● Data section
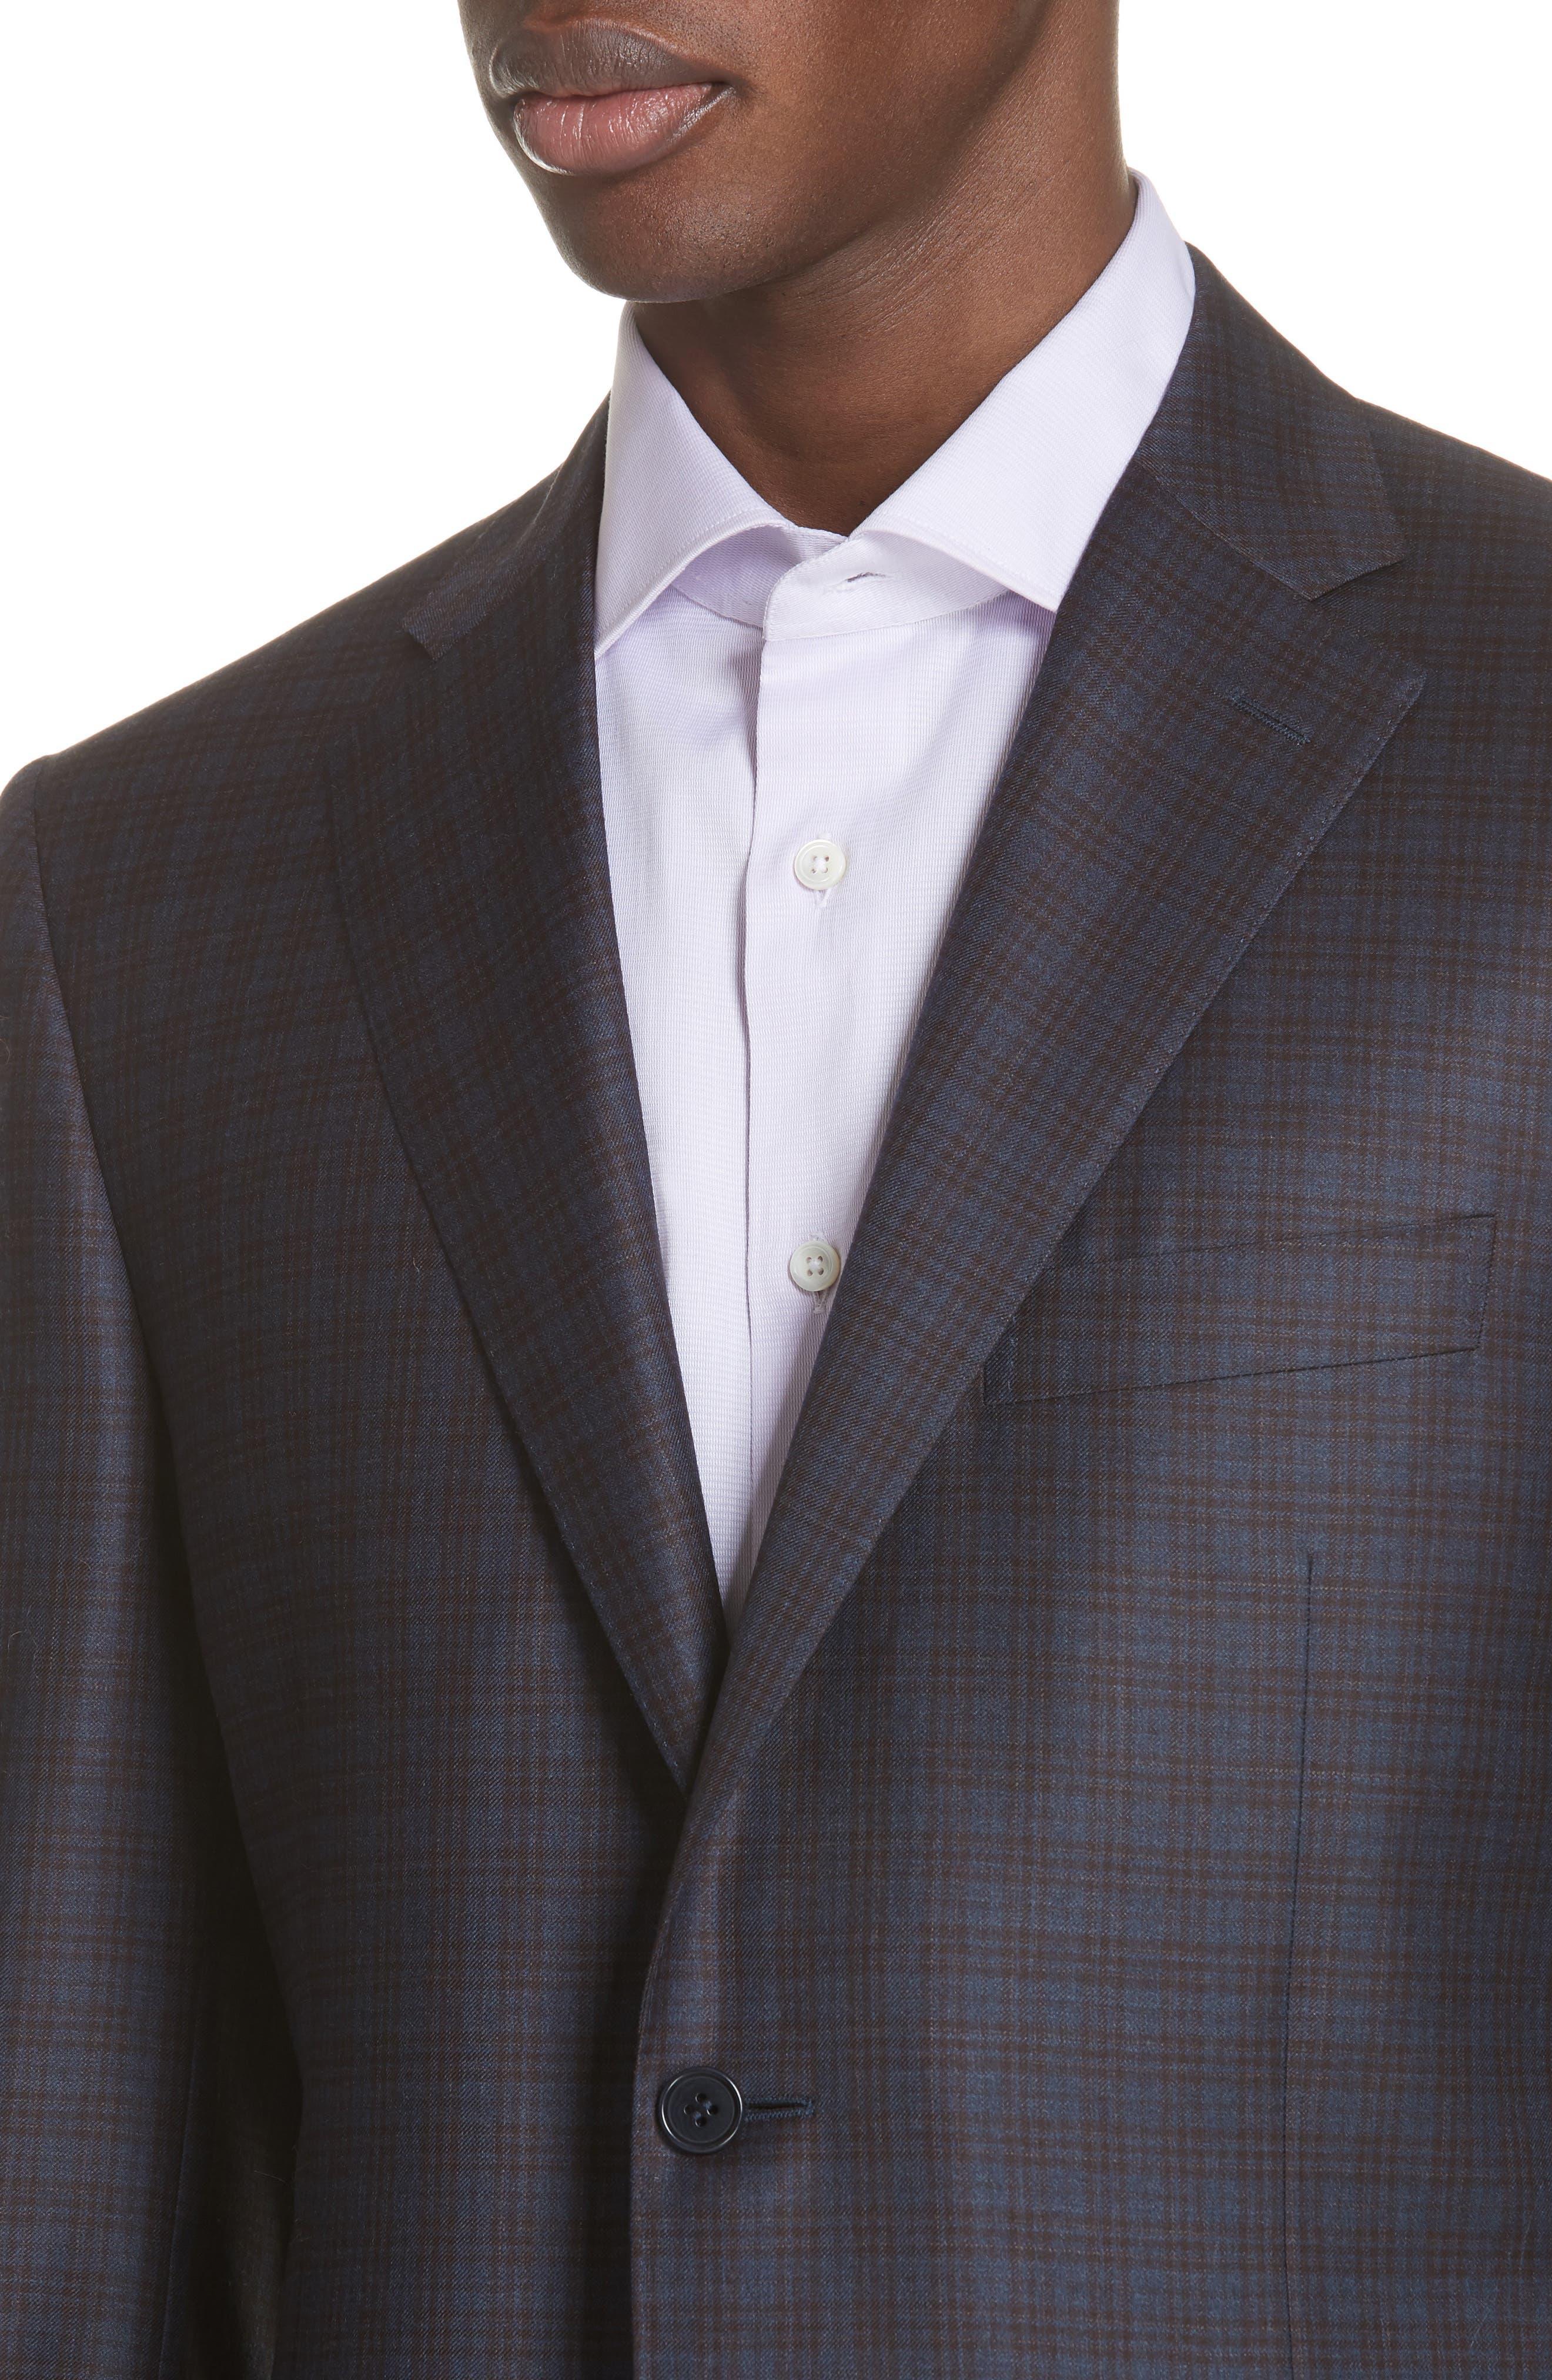 Classic Fit Plaid Wool Sport Coat,                             Alternate thumbnail 4, color,                             Dark Blue
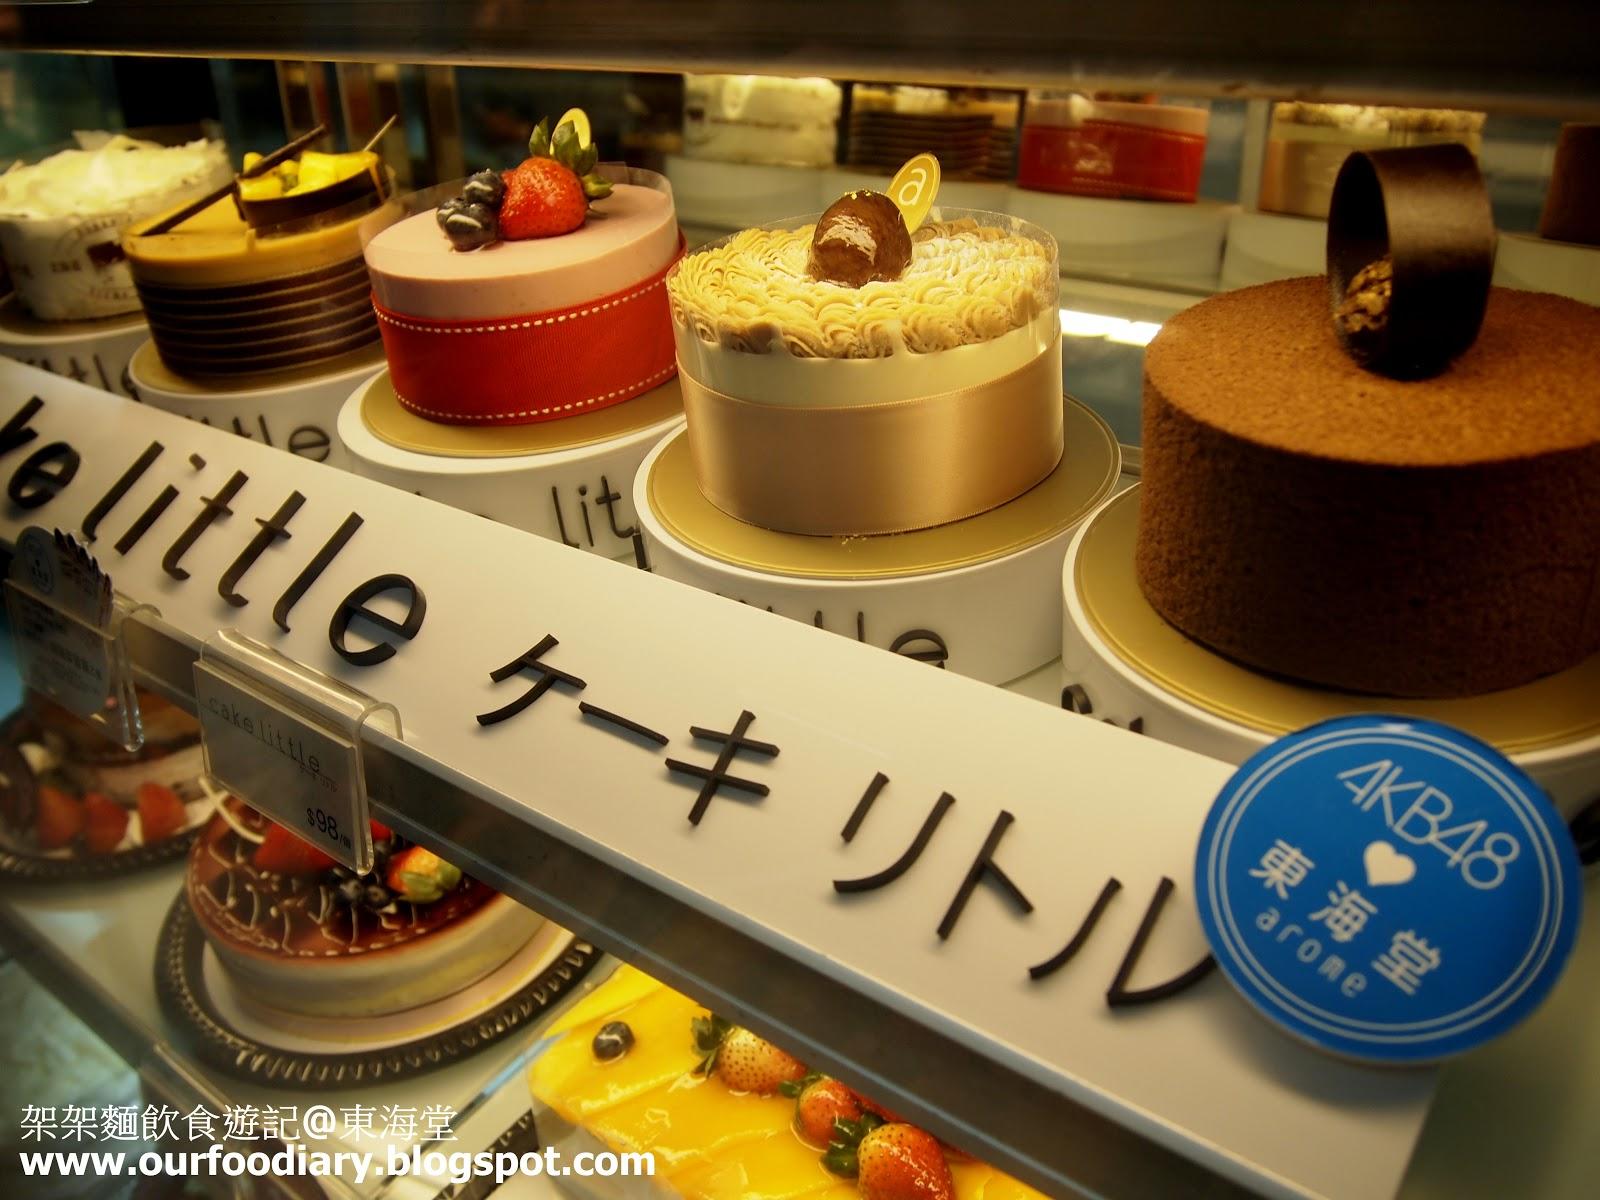 cake little@東海堂 - 飲品美食 - SeeWide
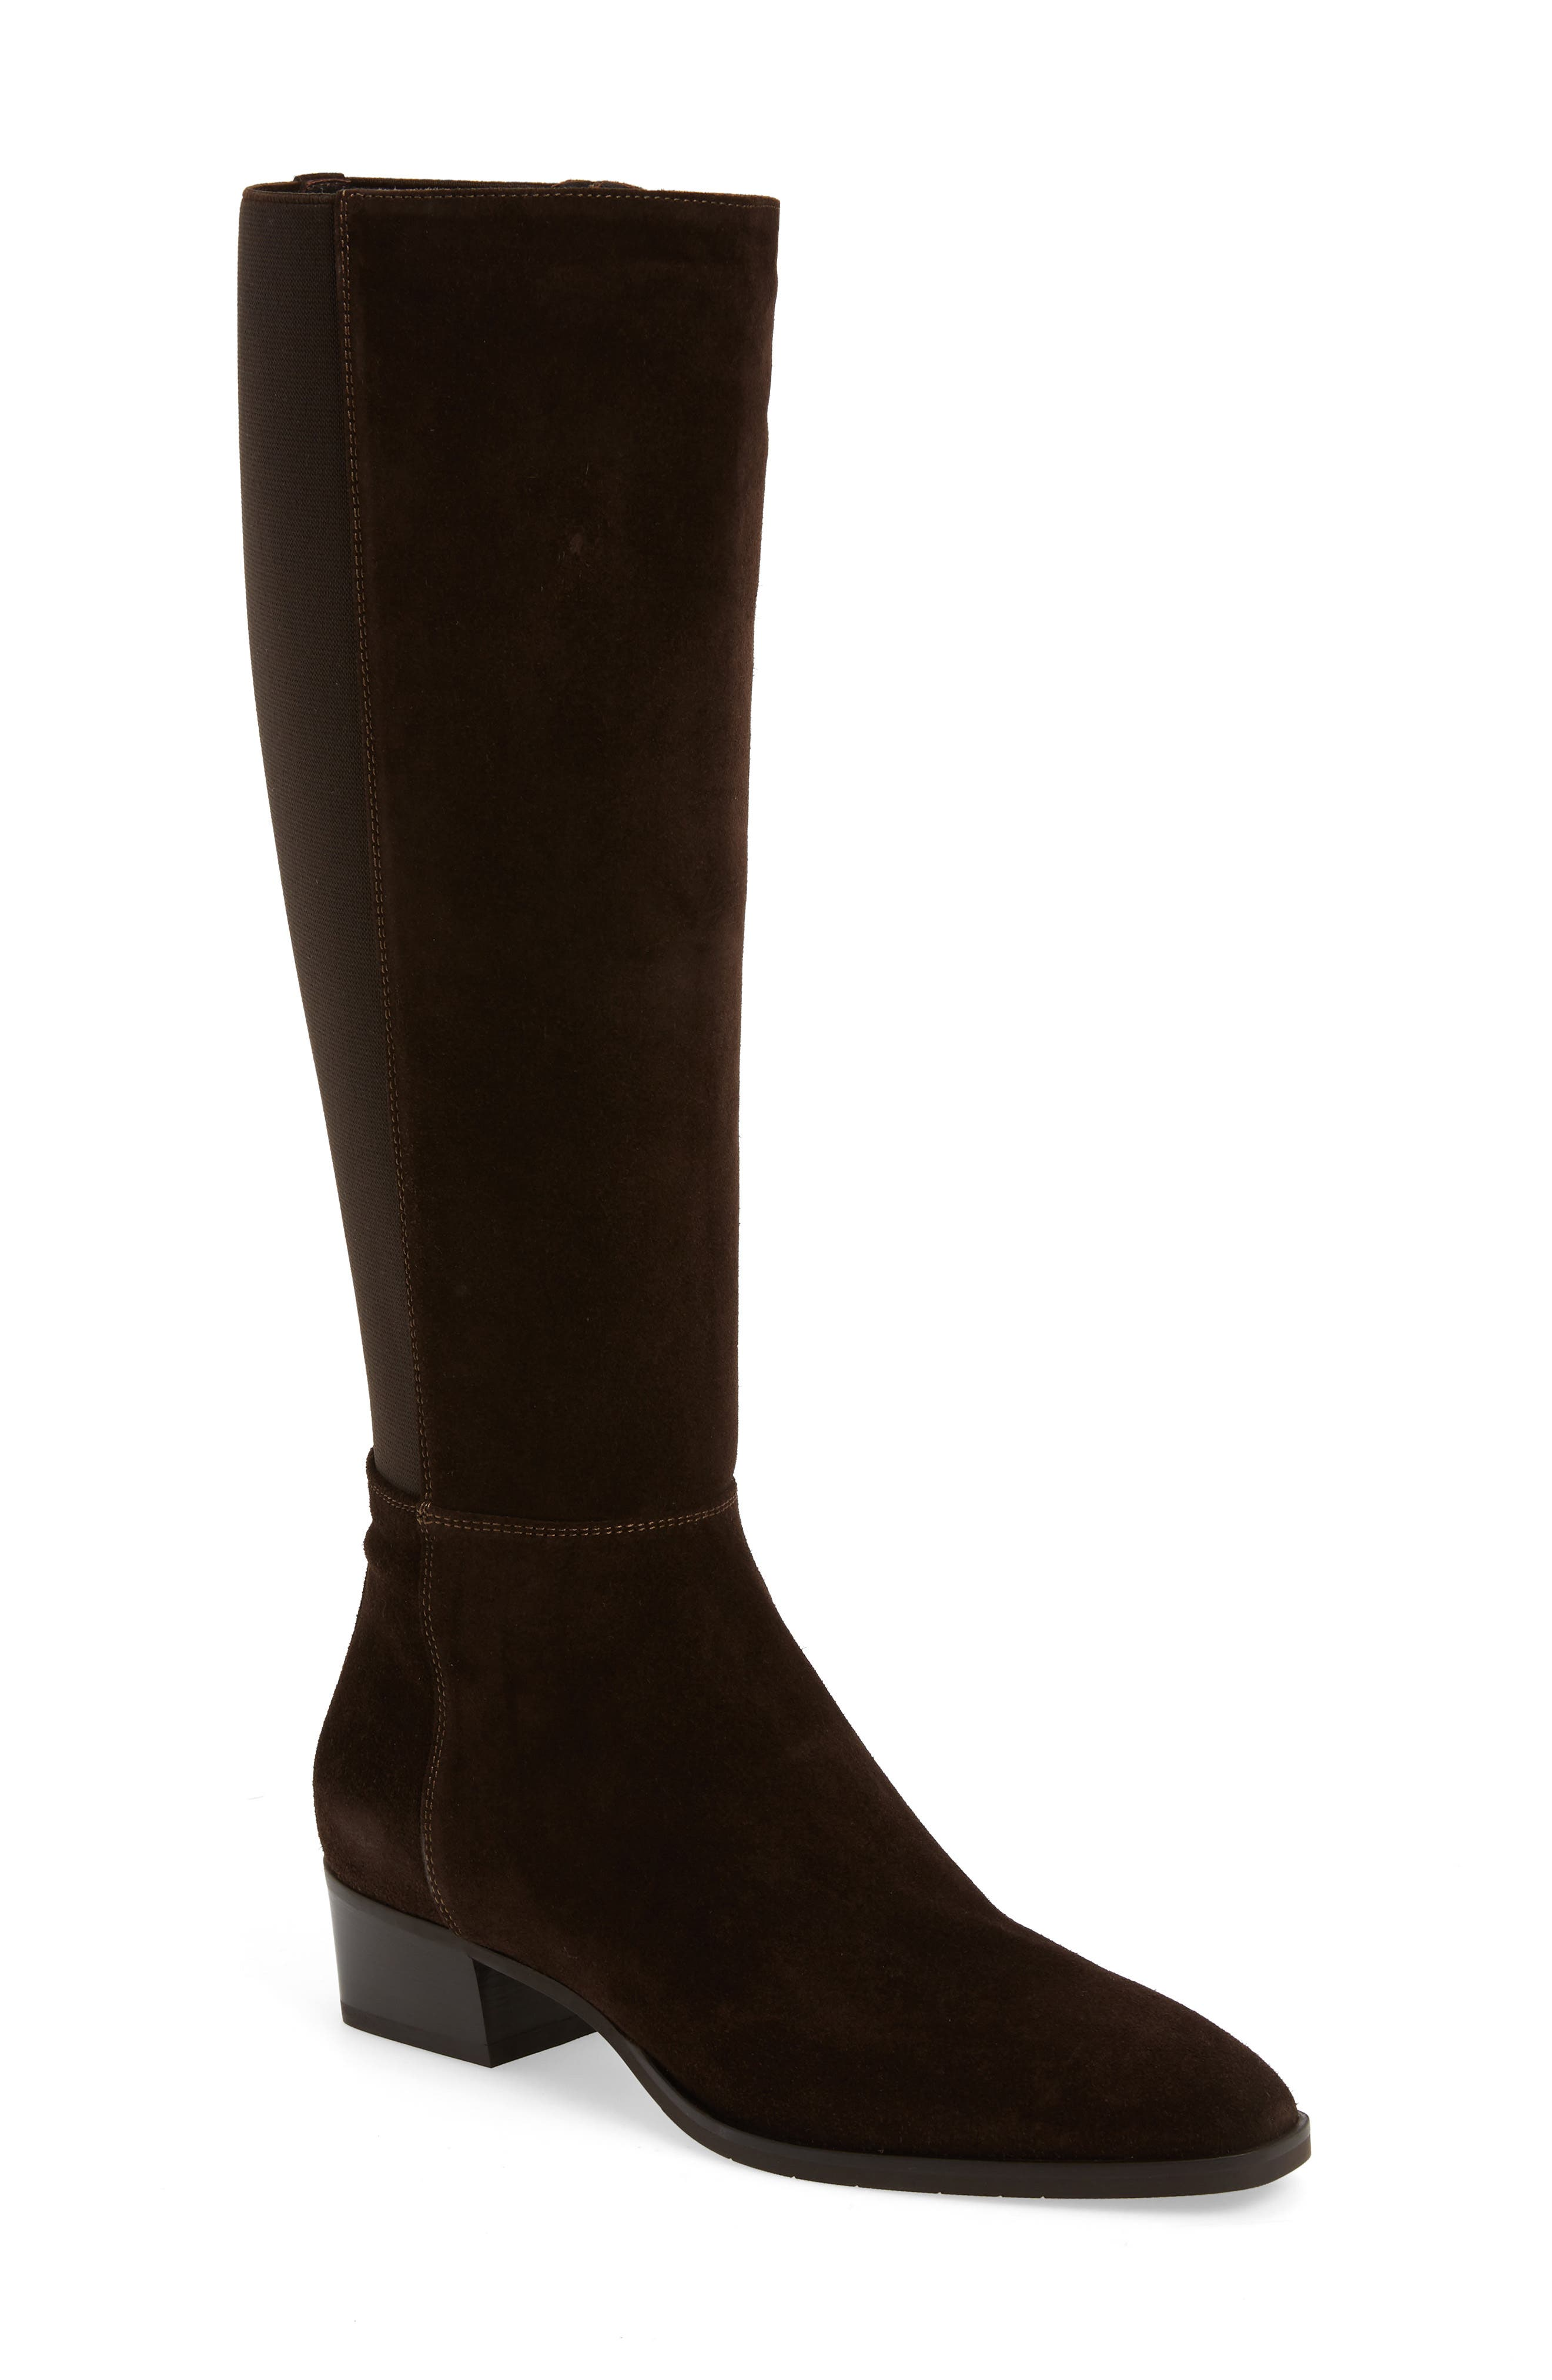 Aquatalia Finola Water Resistant Stretch Back Boot

● Task objective
The data above should be repeated exactly, minus any pictures.

● Your response
 Classic Fit Plaid Wool Sport Coat,                             Alternate thumbnail 4, color,                             Dark Blue
 cake little@東海堂 - 飲品美食 - SeeWide
 Aquatalia Finola Water Resistant Stretch Back Boot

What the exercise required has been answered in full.